An article published by the Clean Energy Research Group (CERG) says analysis by its team of engineers found that B.C.’s projected electricity demands cannot be met by Site C alone.

“The projected demand, including the electrification of B.C.’s natural gas fields and the switch to electric cars to help meet the province’s 2030 goal to reduce its greenhouse gas emissions by 40 per cent, show that additional supply will be needed,” states the article.

Remote villages still dependent on diesel

Many remote First Nations in British Columbia rely on diesel generators to power their communities, like the Hesquiaht First Nation at Hot Springs Cove.

Construction for a run-of-the-river hydroelectric project by the HFN has been in hiatus for years due to lack of funding. But Sayers said she believes funding has recently been secured for the nation to finish the project and get the remote community off diesel fuel.

“Hopefully this spring they get that built because it’s the late Richard Lucas who really, really pushed to get money and it took him years. I was so sad that he passed away before they decided to give him the money,” Sayers said.

Another Nuu-chah-nulth-led clean energy project includes the Ditidaht First Nation’s hydro project on the Little Nitinaht River, which would run water through a pen stock pipe to a downhill generating station with a 4.5-megawatt capacity. By selling power back into the BC Hydro grid, the Little Nitinaht River project would have brought major revenue for the First Nation. Unfortunately, the project was halted when the province announced the suspension of the SOP.

At risk of jeopardizing negotiations with the province, Bryan Cofsky, executive director of the Ditidaht Economic Development Corporation, declined to comment on the development of the project at this time.

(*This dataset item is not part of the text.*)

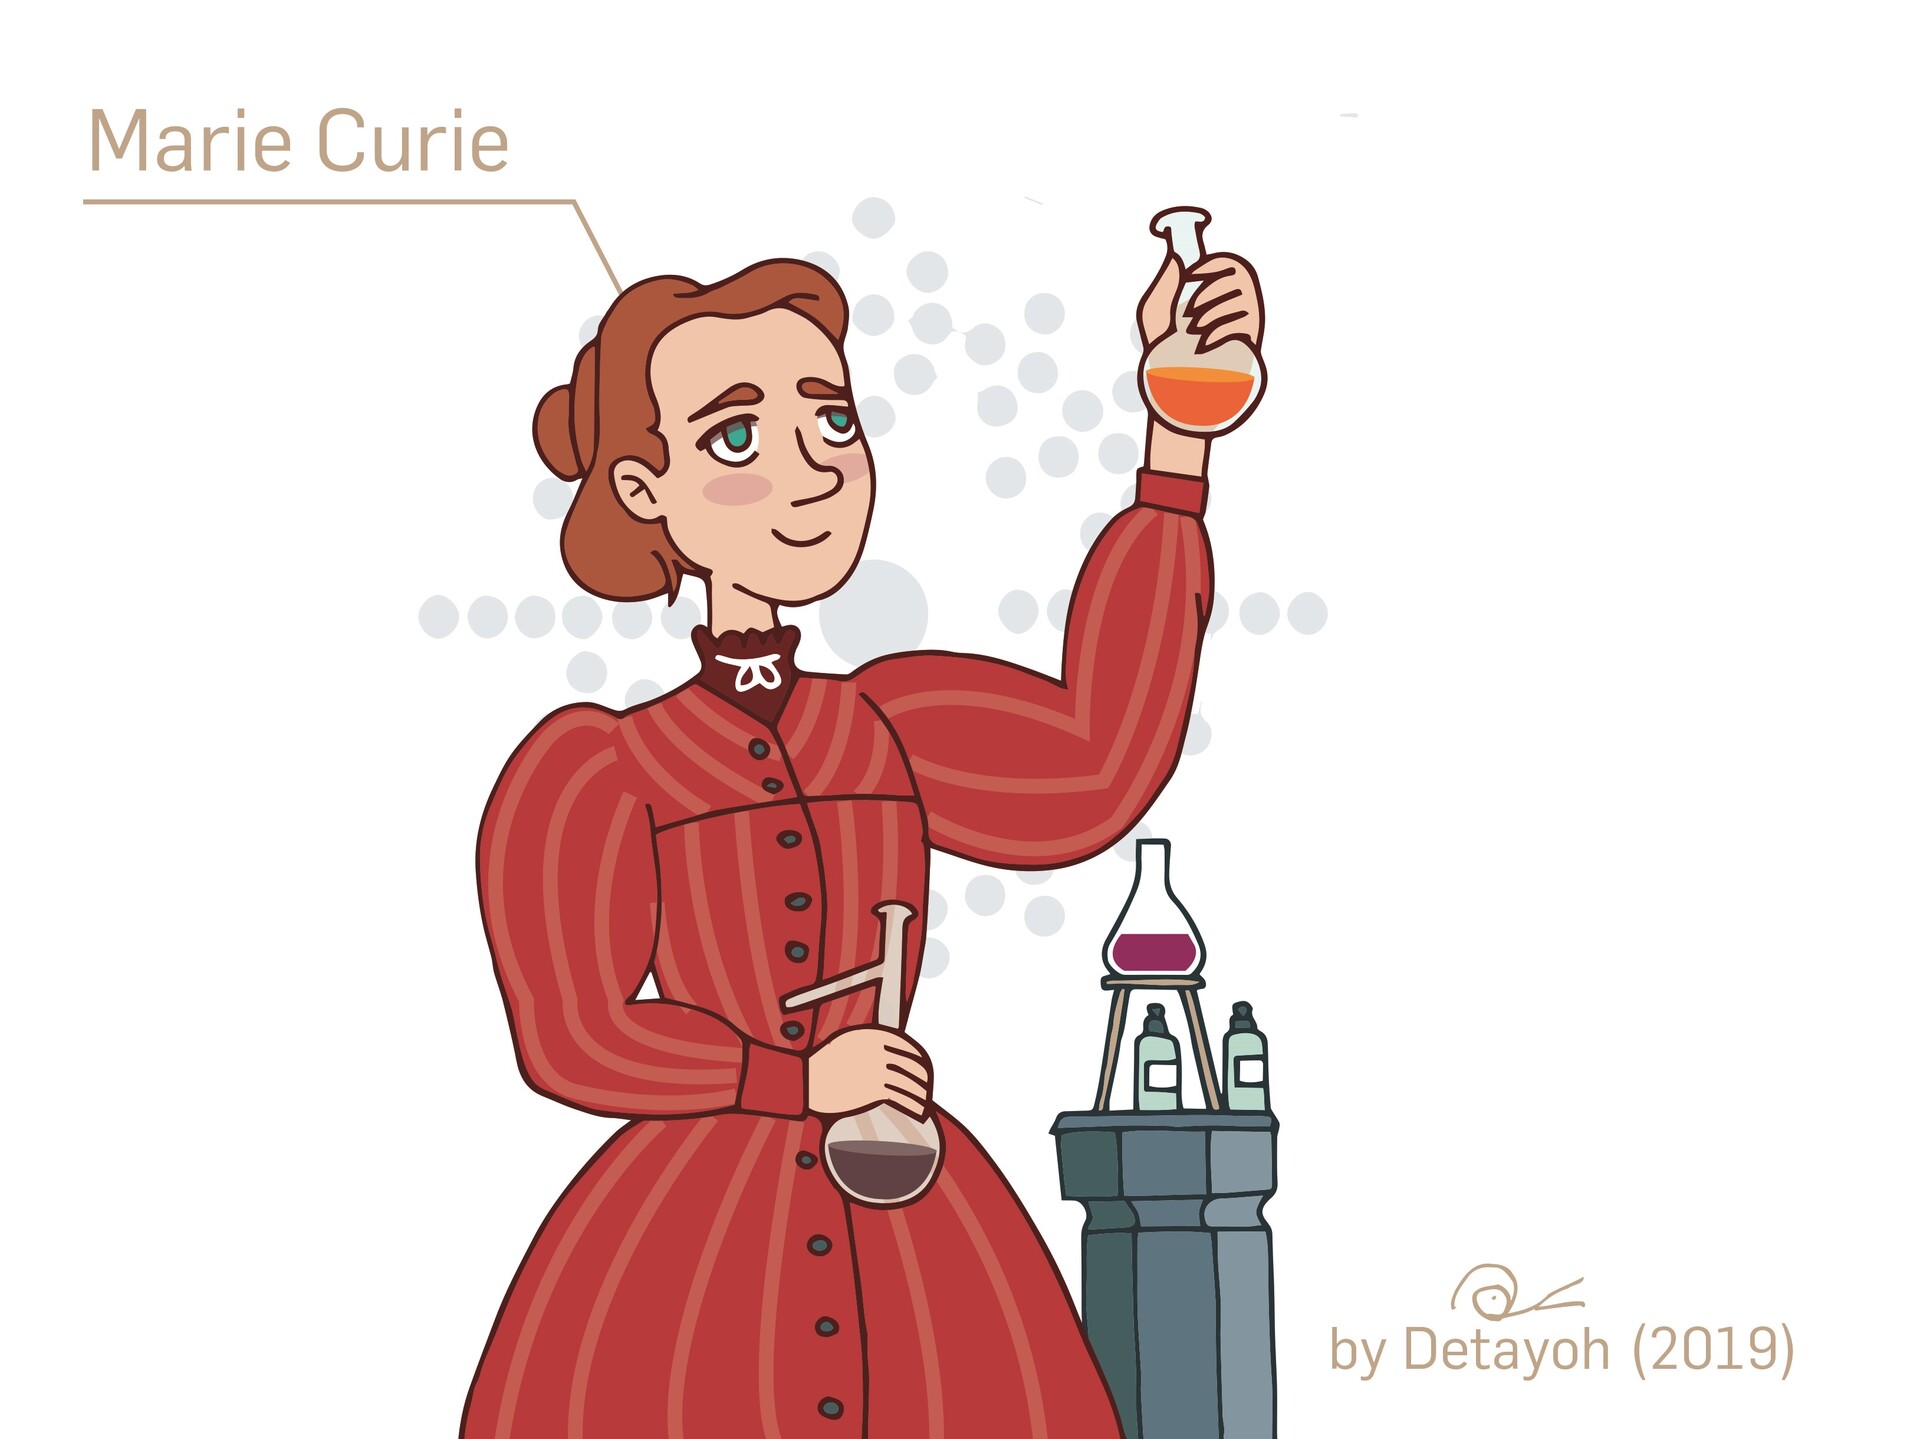 ArtStation - Marie Curie

The Hupacasath First Nation own 72 per cent of a green hydroelectric plant on China Creek that during peak operation produces enough electricity to power 6,000 homes.

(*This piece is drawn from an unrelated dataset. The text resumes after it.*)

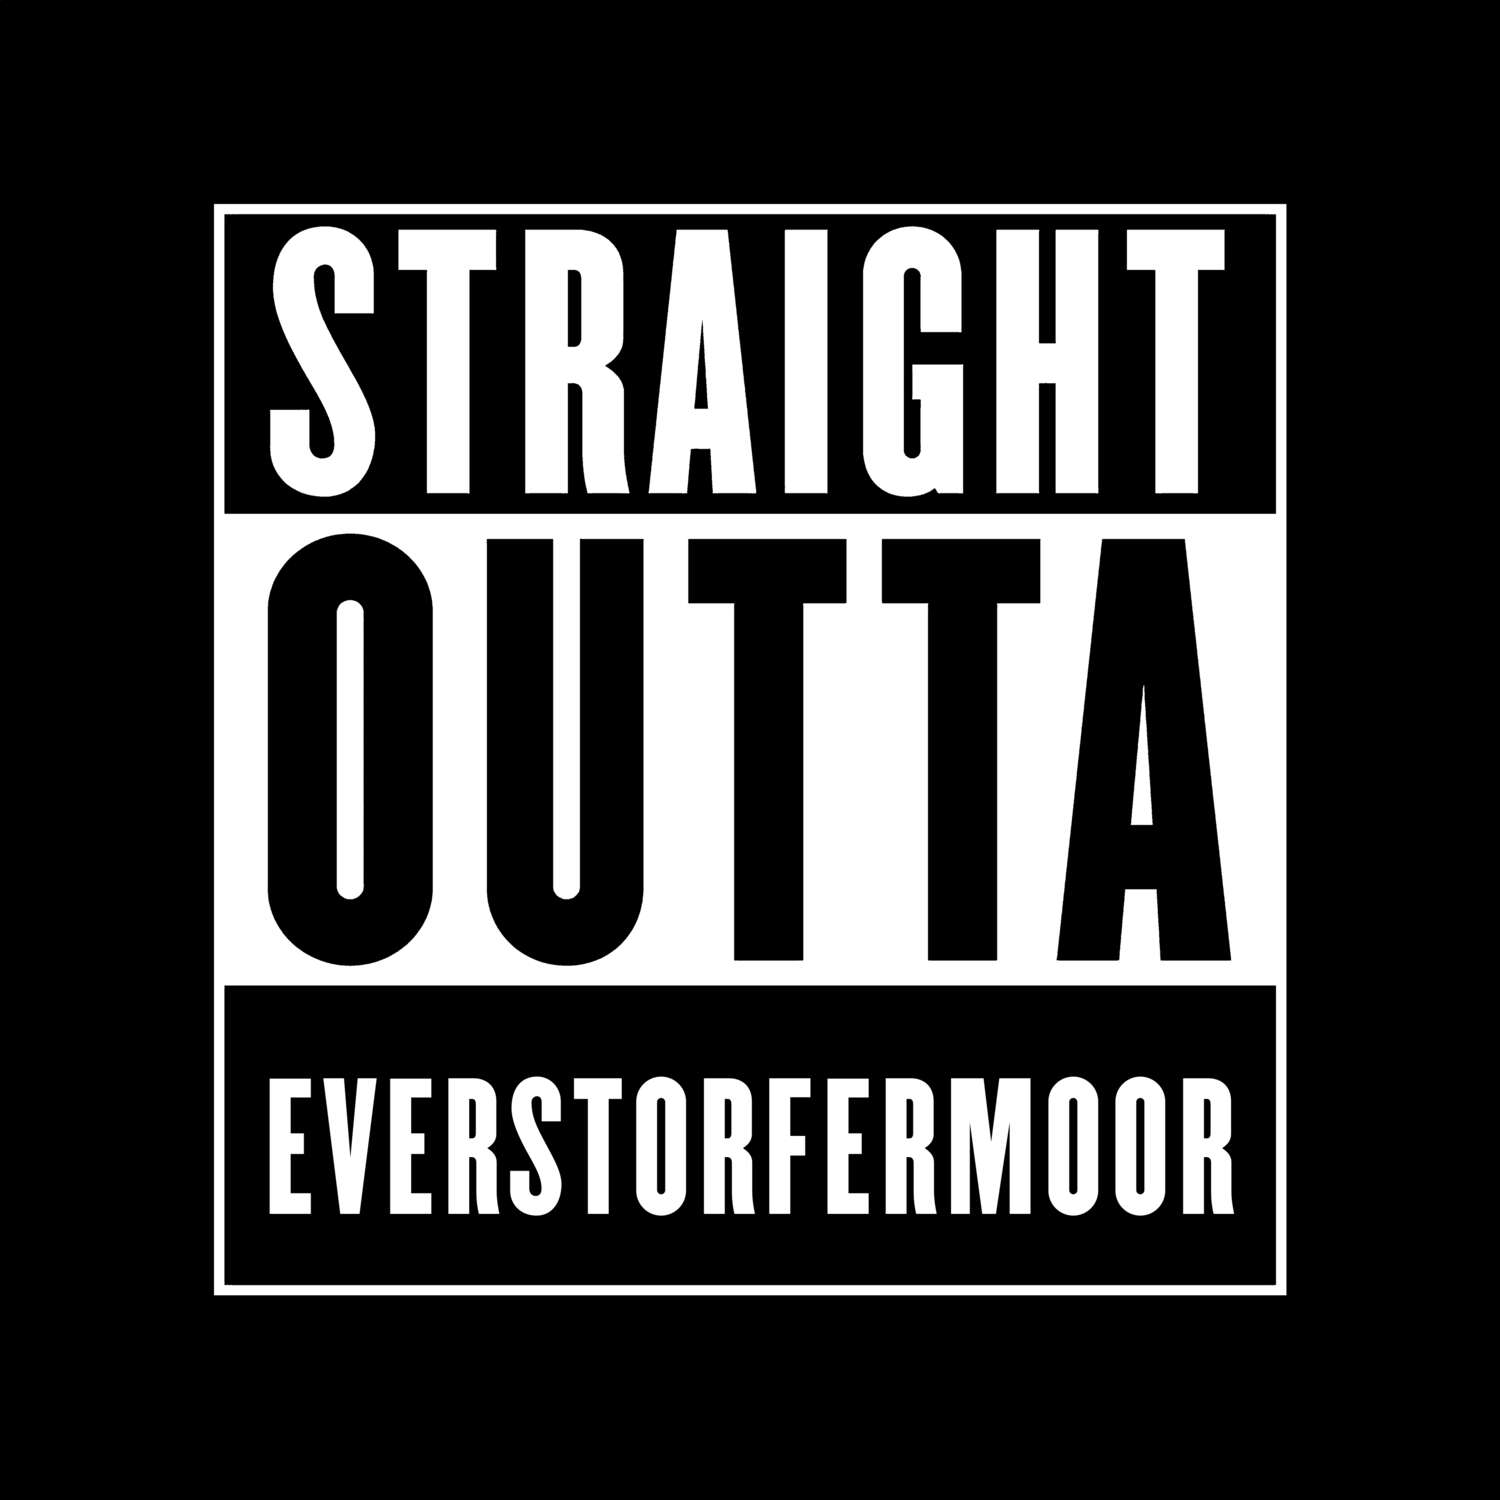 Everstorfermoor T-Shirt »Straight Outta«

This project started producing power in December of 2005, when Sayers was chief of the Hupacasath, and had a total cost of approximately $14 million.

“There’s so many benefits you get out of clean energy projects. This is the wave of the future,” Sayers said. “We really need to have regional economic dependence of power because of the way things are happening with climate change and all these other things like COVID. We’d be so much better off not reliant on the gird and all the issues it’s going to have in the future.”

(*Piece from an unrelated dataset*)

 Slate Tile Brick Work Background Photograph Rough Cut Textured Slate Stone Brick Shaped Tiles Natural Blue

After reviewing the Final Report, the Government of B.C. will consider the BCUC’s recommendations and may use them to inform future changes to legislation or policy.

“The BCUC has to make recommendations to B.C. government and then it’s what the government does with it. In all our recommendations we really pushed UNDRIP (The United Nations Declaration on the Rights of Indigenous Peoples),” Sayers said. “The B.C. government has to guide Indigenous relations. I don’t think they have any choice but to go with this.”